US car manufacturer Ford has collaborated with HP to reuse spent 3D printed powders and parts, turning them into injection molded vehicle parts – which they claim is an industry first.

The recycled materials are being used to manufacture injection-moulded fuel-line clips installed first on the vehicle OEM’s Super Duty F-250 trucks. The parts have better chemical and moisture resistance than conventional versions, are 7% lighter and cost 10% less. The Ford research team has identified 10 other fuel-line clips on existing vehicles that could benefit from this innovative use of material and are migrating it to future models.

Debbie Mielewski, Ford technical fellow, sustainability, said: “Many companies are finding great uses for 3D printing technologies, but, together with HP, we’re the first to find a high-value application for waste powder that likely would have gone to landfill, transforming it into functional and durable auto parts.”

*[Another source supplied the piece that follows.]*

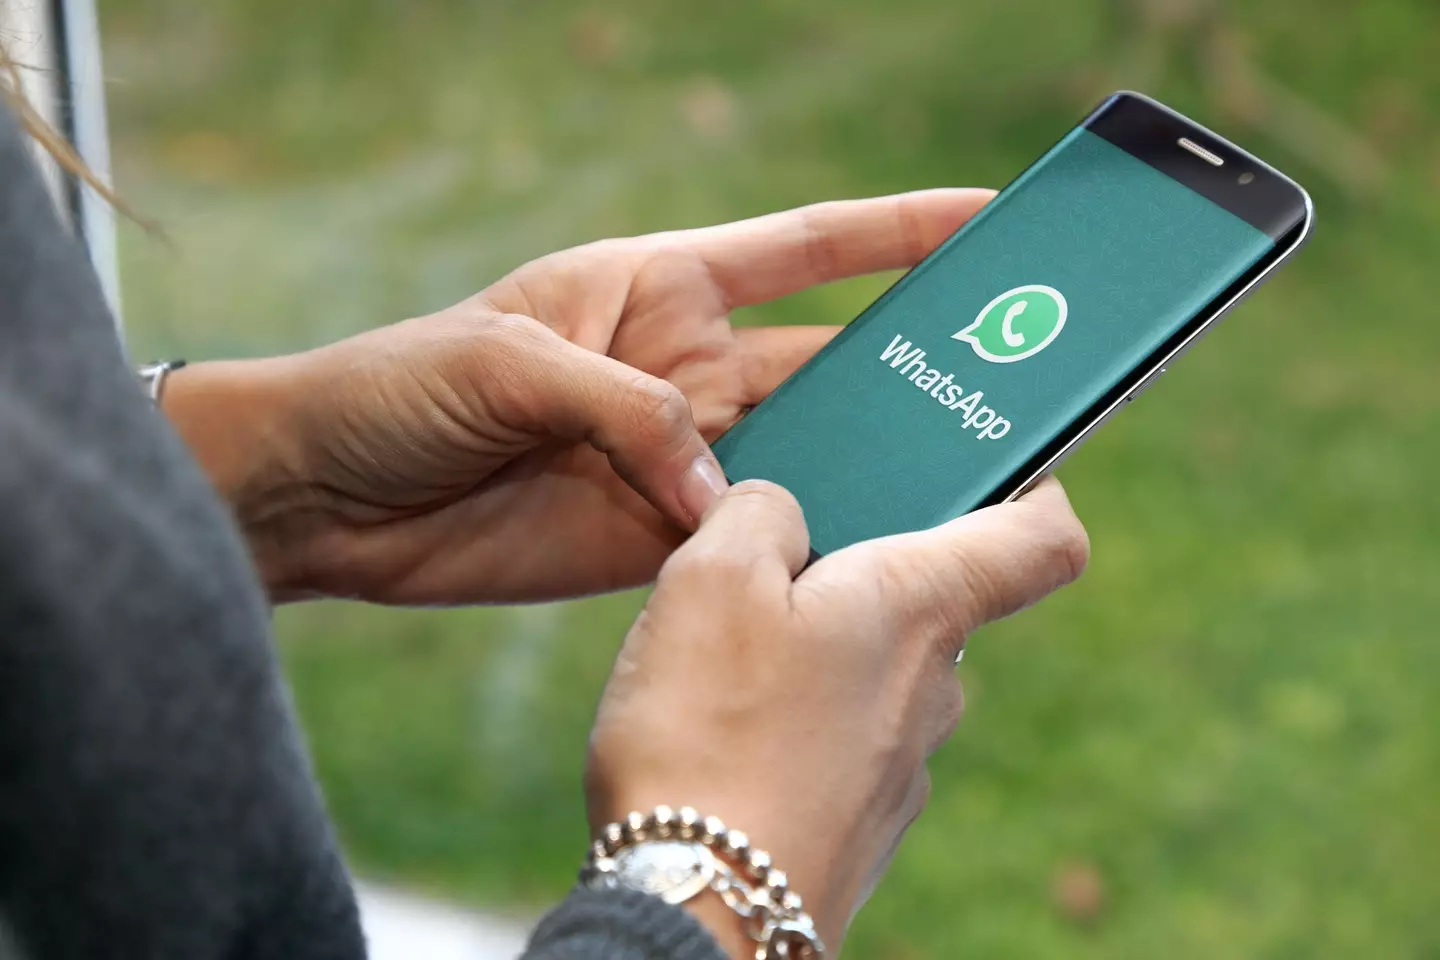 Here's how to spot the latest 'family emergency' scam on Whatsapp.

Ford uses HP’s 3D printing technology at the company’s Advanced Manufacturing Centre. It is developing new applications and utilising a multitude of different processes and materials for 3D printing, including filaments, sand, powders and liquid vat polymerization. The company already employs 3D printing for a variety of low-volume commercial vehicle parts, as well as fixtures used by assembly line workers use, saving production time and enhancing quality.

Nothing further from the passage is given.